I should insert here a quote from the AP, concerning our part in the parade:
“The Grande Rio school riffed on the theme of petroleum in an apparent homage to the discovery of massive offshore oil deposits off Rio’s coast. The school sent out dancers dressed in deep sea diving equipment complete with oversized fins, and others in black sequined dresses meant to look like an oil slick. Another group of dancers with the same school puzzled spectators when they danced by wearing giant plates of lobster and brandished oversized cutlery.”
It may have been a problem to someone that we made no sense, but not to us. The stadium lighting was as bright as the sun, the crowd’s roar crashing over us like waves. Grande Rio’s song, and its refrain “…its our black gold carnaval” played over and over. We mouthed the words and danced. Magda sambad, I shuffled, trying desperately to keep my shoes on. We waved our cutlery at the crowd and they cheered in response.
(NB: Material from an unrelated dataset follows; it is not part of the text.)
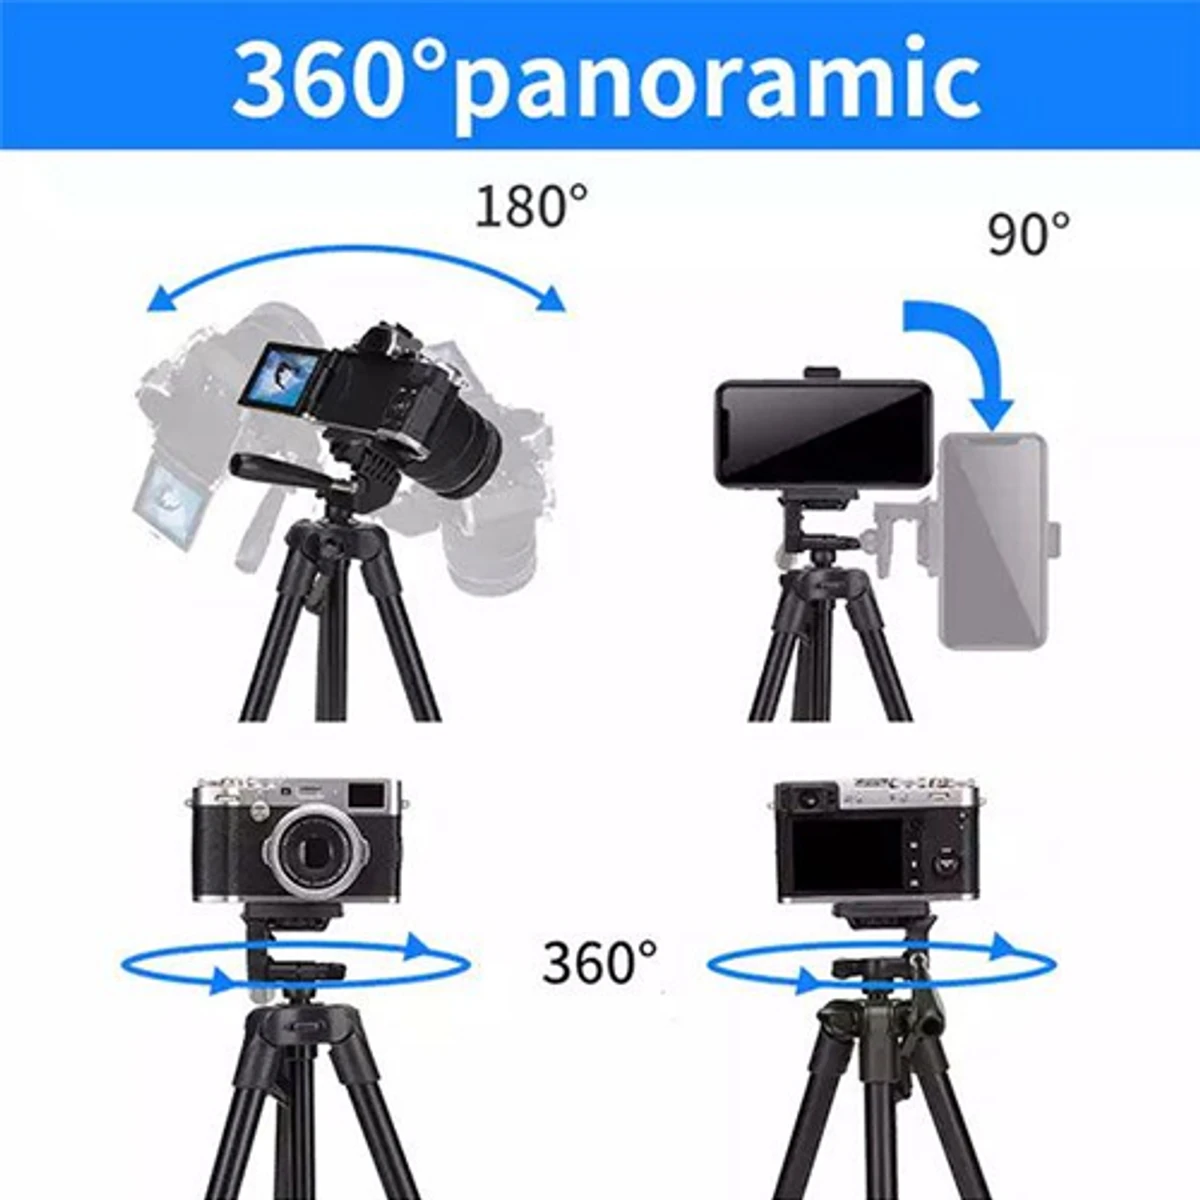 Jmary KP-2205 Tripod With Mobile Holder

The line of haciendas broke, their oilrigger going apoplectic as they stumbled into each other. We mugged for the hundreds of cameras flashing at us, we danced and drowned in the manic energy. At one point a plate of seafood broke through our ranks, she’d lost her hat, her fork and knife, and her mind. She was spinning like a top. She crashed into the haciendas before the oil rigger yanked her out of the parade. I’ve never seen someone so violently and abruptly vanish from their point they were previously occupying. Security escorted the banished entrée from the stadium. Near the end of the parade, more plates broke ranks and shoved their way to the front. Someone stepped on one of their tablecloths and they stumbled. When they spun around, angry, I threatened to eat them with my knife and fork.
Too soon it was over. We reached the end of the parade route and were ushered off into several directions, crowds still cheering and waving. Magda broke free in the commotion, and having tossed aside her utensils, she whipped out her camera from beneath a big piece of lettuce. I swam against the crowd to reach her, spilling fries and casting aside red onions. We spent the next half an hour photographing the end of our school’s parade. Grande Rio came in third, a disappointing finish. In preparation for the next school, we e were ushered out of the Sambadrome, firmly but gently. Uniformed men with giant brooms swept cast aside costumes towards a brightly colored pile of trash. Garbage trucks were eating the remnants of the parade, mouthfuls at a time. More fireworks as the next school began, but we were outside of the Sambadrome now, the fences closing gently in our faces. We turned to wade through the piles of seafood, baby cribs, stork legs, to look for a taxi home. The Samba beat continued to pulse long after we were gone.